DESCRIPTION (provided by applicant): A role for B cells in autoimmune diseases is now clearly established both with mouse models as well as in humans by successful treatment of rheumatoid arthritis (RA) and other autoimmune diseases with anti-CD20 monoclonal antibodies that eliminate B cells. However, the underlying mechanisms by which B cells may promote the development of autoimmune diseases remain poorly understood. We previously demonstrated that untreated active RA patients, patients with systemic lupus erythematosus, and patients with type 1 diabetes display abnormal early B cell tolerance checkpoints resulting in the accumulation of large numbers of autoreactive naove B cells in their blood. We recently established that these early B cell tolerance defects were primary to these autoimmune diseases and can be induced in asymptomatic donors by risk alleles such as PTPN22, which interfere with B cell receptor (BCR) signaling and the establishment of central B cell tolerance. In addition, anergy, one of the central B cell tolerance mechanisms, seems to be favored in some RA patients as illustrated by the increased frequency of peripheral unresponsive autoreactive B cells, which do not express the complement receptor 2/CD21 and are refractory to BCR and CD40 triggering. Hence, increased numbers of naove autoreactive B cells in patients with RA may favor disease development but it remains to be determined what pathways and mechanisms break B cell tolerance. The long range goal of the proposed research is to continue to characterize the mechanisms that regulate B cell tolerance in healthy humans but are defective in RA patients. The working hypothesis is that RA B cells suffer from intrinsic defects caused by associated risk alleles, which impinge on sensing self-antigens and result in an altered induction/regulation of central B cell tolerance mechanisms. Hence, receptor editing and deletion fail to be properly regulated in RA patients whereas anergy also contributes to the increased numbers of autoreactive B cells reaching the periphery where inflammatory conditions such as in the synovium may lead the activation of these autoreactive B cells and promote disease development. In addition, understanding the mechanisms that prevent or account for the production of autoreactive B cells may suggest new approaches to control disease and design more specific and sustained therapies.

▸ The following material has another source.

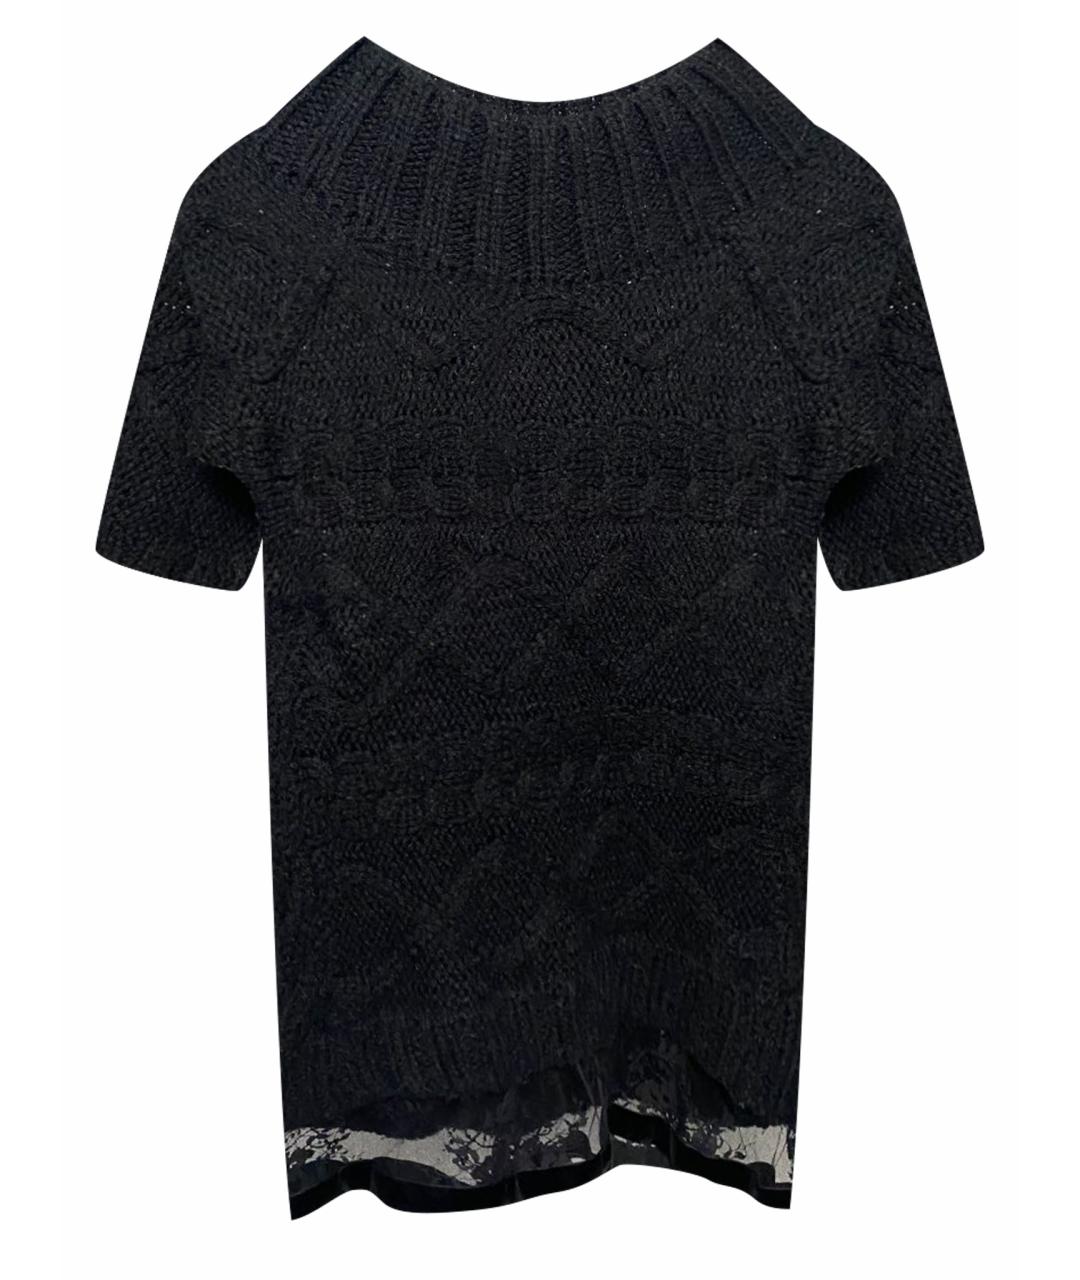 TWIN-SET Черный шерстяной джемпер / свитер, фото 1

描述(申请人提供)：通过成功地用消除B细胞的抗CD20单抗治疗类风湿性关节炎(RA)和其他自身免疫性疾病，B细胞在自身免疫疾病中的作用现在在小鼠模型和人类中都得到了明确的证实。然而，B细胞促进自身免疫性疾病发展的潜在机制仍然知之甚少。我们先前证明，未经治疗的活动期RA患者、系统性红斑狼疮患者和1型糖尿病患者表现出异常的早期B细胞耐受检查点，导致其血液中大量自身反应性NAOVE B细胞积聚。我们最近证实，这些早期的B细胞耐受缺陷是这些自身免疫性疾病的主要原因，并且可以由PTPN22等风险等位基因诱导，这些风险等位基因干扰B细胞受体(BCR)信号转导和中枢B细胞耐受的建立。此外，作为中枢B细胞耐受机制之一的无能，似乎在一些RA患者中受到青睐，如外周无反应性自身反应性B细胞的频率增加，这些B细胞不表达补体受体2/CD21，并且对BCR和CD40的触发无效。因此，RA患者NAOVE自身反应性B细胞数量的增加可能有利于疾病的发展，但什么途径和机制打破B细胞耐受性仍有待确定。这项拟议研究的长期目标是继续表征在健康人中调节B细胞耐受性的机制，但在RA患者中存在缺陷。工作假说是，RA B细胞存在由相关风险等位基因引起的固有缺陷，这些缺陷影响感知自身抗原，并导致中枢B细胞耐受机制的诱导/调节发生改变。因此，在RA患者中，受体的编辑和缺失无法得到适当的调节，而无能也导致到达周围的自体反应性B细胞的数量增加，在那里，炎症条件，如滑膜，可能导致这些自体反应性B细胞的激活，促进疾病的发展。此外，了解防止或解释自身反应性B细胞产生的机制可能会为控制疾病和设计更特异和更持久的治疗方法提供新的方法。